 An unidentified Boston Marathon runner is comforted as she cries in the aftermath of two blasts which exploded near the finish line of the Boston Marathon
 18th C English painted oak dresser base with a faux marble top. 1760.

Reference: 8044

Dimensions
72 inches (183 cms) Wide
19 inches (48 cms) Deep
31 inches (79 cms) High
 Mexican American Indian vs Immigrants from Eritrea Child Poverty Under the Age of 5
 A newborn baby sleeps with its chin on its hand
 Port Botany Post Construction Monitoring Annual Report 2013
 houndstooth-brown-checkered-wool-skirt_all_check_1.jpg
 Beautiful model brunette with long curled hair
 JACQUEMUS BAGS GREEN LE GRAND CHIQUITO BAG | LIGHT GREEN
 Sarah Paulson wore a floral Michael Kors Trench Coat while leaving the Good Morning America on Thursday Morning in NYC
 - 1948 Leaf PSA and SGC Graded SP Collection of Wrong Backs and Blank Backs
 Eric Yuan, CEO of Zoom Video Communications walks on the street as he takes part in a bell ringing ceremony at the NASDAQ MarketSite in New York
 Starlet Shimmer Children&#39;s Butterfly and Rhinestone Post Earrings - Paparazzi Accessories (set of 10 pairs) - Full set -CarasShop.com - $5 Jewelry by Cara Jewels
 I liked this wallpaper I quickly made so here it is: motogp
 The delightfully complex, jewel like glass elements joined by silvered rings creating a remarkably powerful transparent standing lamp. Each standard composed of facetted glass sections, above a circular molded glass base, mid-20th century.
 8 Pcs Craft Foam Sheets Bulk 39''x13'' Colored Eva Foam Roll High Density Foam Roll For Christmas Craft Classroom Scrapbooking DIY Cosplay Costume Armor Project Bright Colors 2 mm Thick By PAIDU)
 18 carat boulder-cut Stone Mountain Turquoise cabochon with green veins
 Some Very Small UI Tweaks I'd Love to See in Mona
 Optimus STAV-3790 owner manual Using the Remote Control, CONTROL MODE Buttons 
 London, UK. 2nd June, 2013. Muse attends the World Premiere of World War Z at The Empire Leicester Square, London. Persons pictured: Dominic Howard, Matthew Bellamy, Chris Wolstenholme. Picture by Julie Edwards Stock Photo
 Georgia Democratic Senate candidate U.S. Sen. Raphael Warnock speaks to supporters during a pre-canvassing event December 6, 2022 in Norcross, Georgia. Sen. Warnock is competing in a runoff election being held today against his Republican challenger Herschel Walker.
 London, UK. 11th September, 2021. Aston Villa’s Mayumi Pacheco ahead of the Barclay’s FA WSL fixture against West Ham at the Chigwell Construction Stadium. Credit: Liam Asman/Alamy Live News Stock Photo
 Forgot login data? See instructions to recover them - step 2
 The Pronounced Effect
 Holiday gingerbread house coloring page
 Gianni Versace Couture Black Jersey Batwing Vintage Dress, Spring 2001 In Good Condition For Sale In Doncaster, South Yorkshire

---+---

*THE TASK*: Go through the listing and work out how many lines include the string "with". Give only the number.

*ANSWER TO THIS EXERCISE*: 4